Doctors: Childhood obesity prevention must start sooner
Despite years of attention and growing concern about the problem of childhood obesity, there's been little sign of improvement. More than one third of U.S. children and teens are overweight or obese, according to the latest figures from the Centers for Disease Control and Prevention. Obesity has more than doubled in children and quadrupled in adolescents over the past 30 years.
New guidelines published Monday by the American Academy of Pediatrics (AAP) seek to reverse that trend by placing greater emphasis on the prevention of childhood obesity, not just the treatment.
The new AAP guidelines -- which replaces a set of guidelines first issued in 2003 -- urge pediatricians to prioritize and play a more active role in children's weight management. The group says that training pediatricians to recognize children at risk for obesity early on, and working with families to address those issues before a child's weight problem becomes extreme, may be more effective than focusing on treatment and reversing behavior later.
Early risk factors
The pediatricians' group says risk factors for childhood obesity can begin before a child is even born. Doctors are urged to be aware of "prenatal risk factors" including parents' obesity or a mother smoking during pregnancy. An infant who is never breastfed, doesn't sleep enough, and gains weight rapidly also faces increased risk.
From a child's birth through age two, doctors should use World Health Organization growth charts to measure the progress of height and weight. In older toddlers and children, the AAP recommends using the CDC's Body Mass Index charts and plotting height and weight at every visit, so that obesity prevention measures can start before children are too far above recommended levels.
Though the group says more pediatricians have been taking these simple steps to track children's weight, the last official study showed that only 46 percent of pediatricians routinely did so.
Healthy habits
Educating parents and children about healthy eating habits is also important, the guidelines say, but just lecturing alone is not enough.
"It's a reminder to physicians and to families that nutrition and lifestyle should be a discussion at every well visit with your doctor," Dr. Dyan Hes of Gramercy Pediatrics in New York told CBS News.
Pediatricians may need to offer practical information about how parents can obtain the kinds of nutritious foods recommended for children. "For example, in communities where access to fresh vegetables and fruits is limited, informing families about farmers' markets or local grocery stores that have a good supply of frozen or canned vegetables and fruits" may help, the guidelines say. "Pediatricians should also become familiar with federal food assistance programs, such as the Special Supplemental Nutrition Program for Women, Infants, and Children (WIC) and the Supplemental Nutrition Assistance Program (SNAP)."
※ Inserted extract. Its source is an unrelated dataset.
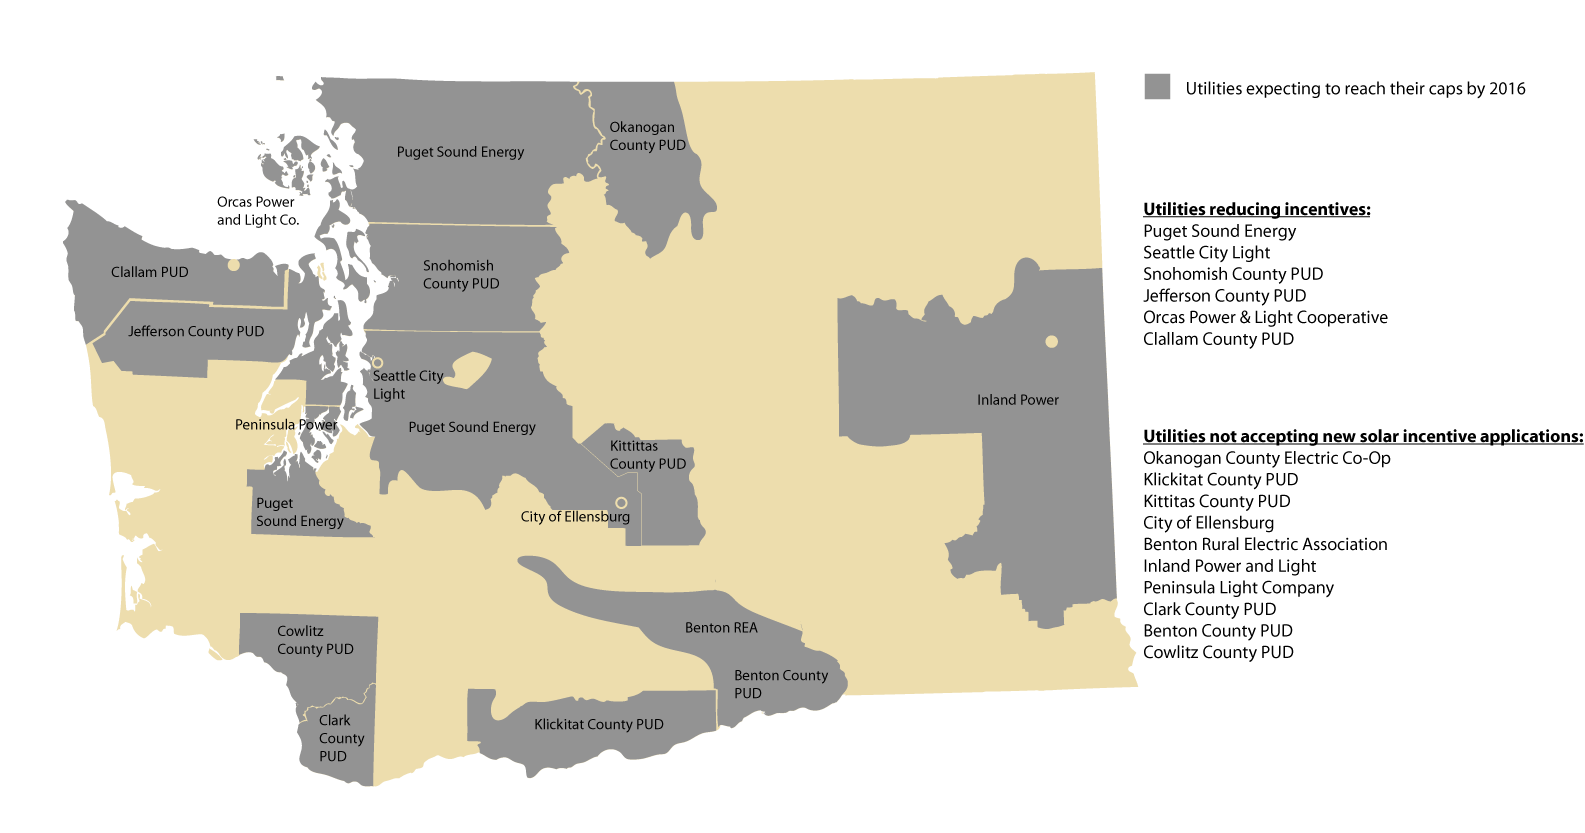 Map of Washington state shows the service territories of the 16 utilities that expect to reach their caps in 2016.

Doctors should also encourage families to "buy fewer of the foods that are associated with the development of obesity, such as sweetened beverages (including fruit- flavored drinks), high-caloric-density snacks, or sweets." Replace a cookie jar with a fruit bowl, and store treats out of children's sight.
In addition to a healthier diet, the report also stresses the importance of physical activity. It recommends 60 minutes of active play time a day and no more than two hours a day of "screen time" using computers, video games and TV.
The report notes that "family-based" interventions work better than focusing on a child alone, so doctors should encourage parents and other family members to make the same lifestyle changes and model healthier behaviors.
Cost and coverage
Dr. Stephen Pont, a pediatrician at Dell Children's Medical Center in Austin, Texas, and chair of the AAP Section on Obesity, tells CBS News, "The report is a wonderful summary of the last decade of work in the prevention and treatment of childhood obesity pertinent to pediatricians." He says it "recognizes the important advocacy role that pediatricians can take to help improve the health of the communities where their patients lives."
But he's concerned that for many families, a doctor's intervention may be significantly delayed because most health insurance plans do not recognize childhood obesity as a medical condition, and therefore will not pay for its treatment unless the child develops serious complications.
"Most pediatricians cannot see a child to address childhood obesity until they have a complication due to excess weight, such as high blood pressure, elevated cholesterol levels, liver inflammation, type 2 diabetes, etc." Pont said. "This is because the most insurance companies and Medicaid plans covering children in the US will reject the clinic bill if the only reason for the visit is that the child is 50 pounds above a healthy weight."
The AAP report concedes that many common-sense strategies for childhood obesity prevention have not been scientifically proven, and more research is needed. However, it says, "there is enough evidence to show that prevention in primary care has been successful in increasing healthy nutrition and activity behavior, which is sufficient justification for pediatricians to develop the necessary skills to perform these activities as part of their practice."